Last month we attended Workboat Magazine’s Pacific Maritime Expo in Seattle, and manned the MTVA booth, for the third year in a row. This conference allows for a tremendous amount of networking within the industry and is what really makes getting out to these shows worthwhile. The generous sponsors and free beer also help to make it a lot of fun!
Part of the focus for the MTVA this year was keeping the seemingly-alien concept of “onboard training” alive and advancing our idea of how to most effectively promote this with the Hybrid Training Tug Project. There was a lot of feedback and thought on how this vessel might be developed and the various hurdles it might face. We did have a meeting with some of the individuals involved with the Training Tug Workgroup: many thanks to those people who took the time to find the obscure meeting room in the back of the Expo, and for the ideas and suggestions on this project.
Basically, everyone we met throughout labor and industry supports the idea of veteran captains training new prospects on board. Everyone agrees the workforce is aging and that it’s important to recruit and train new mariners before the experience of the elders is lost. Everyone agrees towing vessel operations are learned by operating towing vessels. Unfortunately, not everyone sees how we can make a Hybrid ASD work within the industry and succeed on its own.
But, as Ron Burchett keeps asking, “What does the recruiting poster for the Towing Industry look like?”,………….. well, there isn’t one. Part of a broad vision we share with Ron is the creation of a platform using the BRATT and the MTVA Training Tug in a progressive program for attracting the best and the brightest into this industry.
If the average tug sailor is now age 54 and we work from age 18 to 65, it seems like the average age would have to be 41 or 42 to be sustainable. I suppose this is a career you could work in until you’re 75, but not all of us seem to live that long. Granted, some of this is the result of the massive baby boomer generation approaching retirement and most industries are feeling this same crunch. The U.S. towing industry, however, has the distinct disadvantage of requiring a lifestyle that only a small percentage of the available workforce can adapt to for a lifelong career. It is important to attract those few misfits with the potential of doing this for 30 or 40 years and to expose them to the benefits of working in the towing industry.

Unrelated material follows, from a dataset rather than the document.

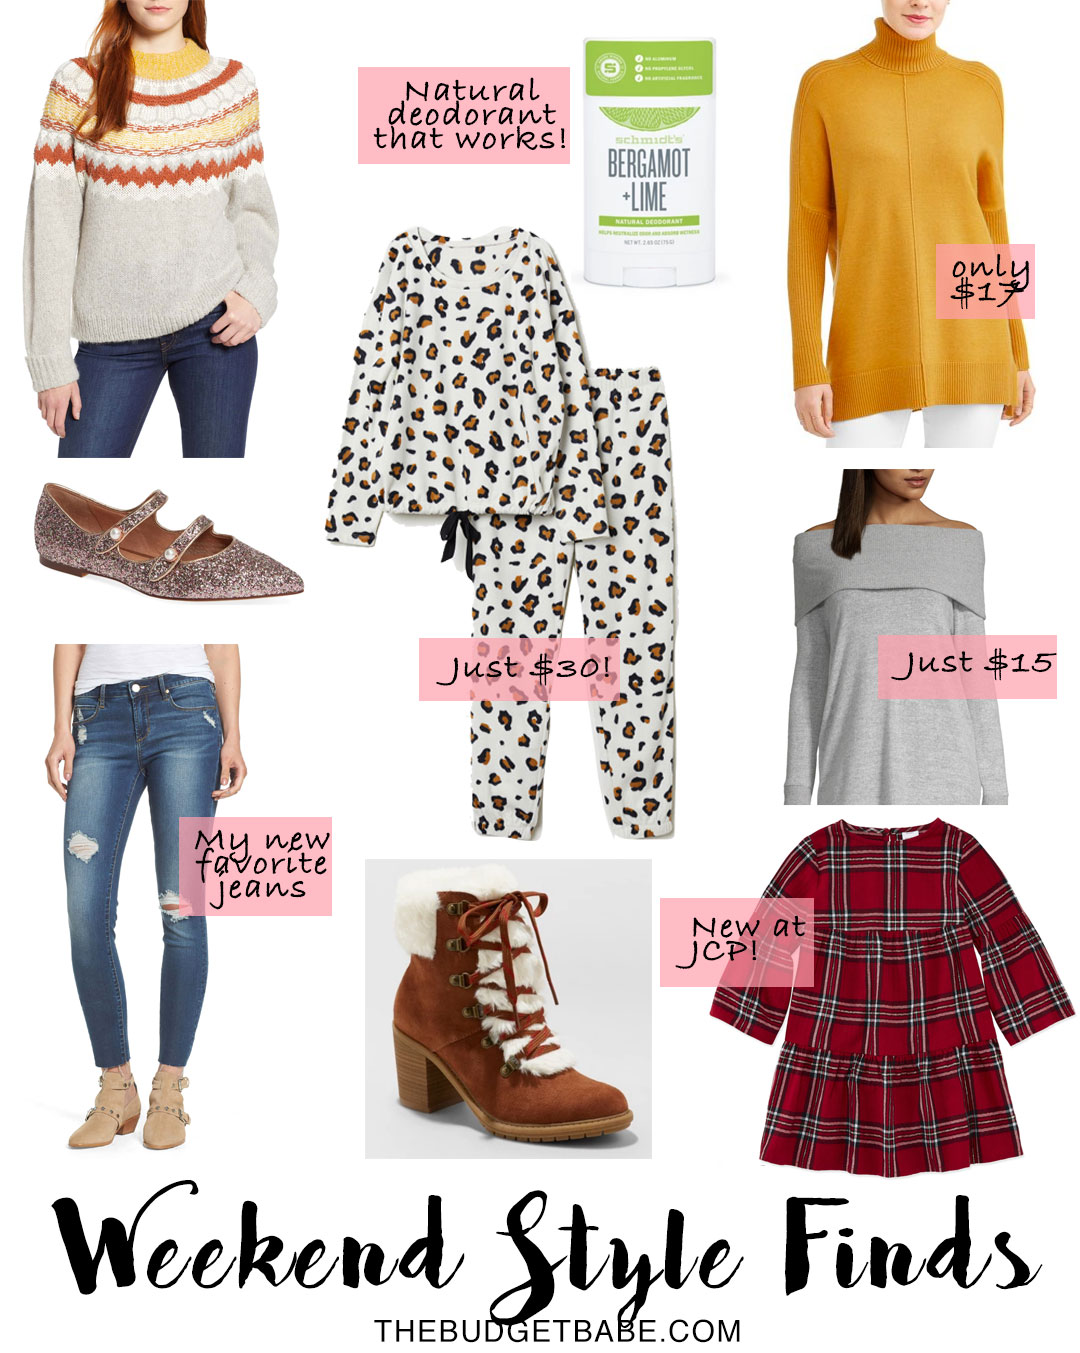 This blogger finds the cutest fashions under $40!

Most of the people who have already done this for 30 or 40 years aren’t going to write a textbook, teach in a classroom, or help program a simulator. Many of them will, however, gladly teach on board a tug in the traditional manner by which they themselves learned the trade, passing down the practical skills in the time-honored way. It’s a tangible platform which both they and the trainees can grasp, and it’s inevitably the only place to actually learn hands-on the practical skills required for operating towing vessels.
Recently we’ve had several very generous offers for the donation of older conventional tugs, which could potentially be used as a training vessel. While those offers are certainly appreciated I’m not sure an older conventional tug alone will help the industry attract the new talent that it desperately needs to find at this point. I doubt we’re going back to the single-screw diesel, and the high-power ASD tractor appears to be where the action is for most future escort and assist work, and even some of the coastal and inland line haul work. Unless the current emissions and other regulatory requirements suddenly evaporate, an unlikely proposition at best, a large percentage of those ASD’s will incorporate alternative propulsion systems in the very near future. These Hybrid ASD Tugs are, in fact, already here, with more of them coming. We’ll need captains, engineers and crews capable of operating them. Our Training Tug concept represents the leading edge of this emerging technology and it will push the envelope one step further.
The MTVA Training Tug meeting was partly eclipsed by the overlapping time of the USCG Towing Vessel Inspection Update. Although I only made the second half, in my opinion it resembled a bit of a deja vu. I will just copy and paste last years description on this one……..”The USCG Inspection Conference did not lead to any real eye popping revelations, in fact we might be more confused than we were before the Expo. We were told however that they are coming some day and that somebody is holding them close to their chest.”
Our industry certainly lost strong support on the House transportation and maritime committees with the recent mid-term election results. The leadership and attention to maritime affairs from Representatives James Oberstar (D-MN), Elijah Cummings (D-MD) and Gene Taylor (D-MS) was invaluable over the recent years and greatly appreciated. They will be missed, and the USCG Authorization Act of 2010 would have undoubtedly looked very different (read: much less mariner-friendly) without their direct interest and involvement. We wish them well and sincerely thank them for their service.
Finally, many thanks to all the MTVA Members who came to work the booth and see the show. We’re now preparing to attend the 2011 Tugnology Conference in Antwerp next May, where I’ve been asked on behalf of the MTVA to present a stirring, 20 minute paper on “Crewing & Training” and onboard training vs. simulators & classroom. Not much of a debate there, really, but send in your thoughts on this subject if you have any. If anyone is interested in a crash course on the leading edge of tug developments and meeting your peers from around the world, the Tugnology Conference is definitely the place to be.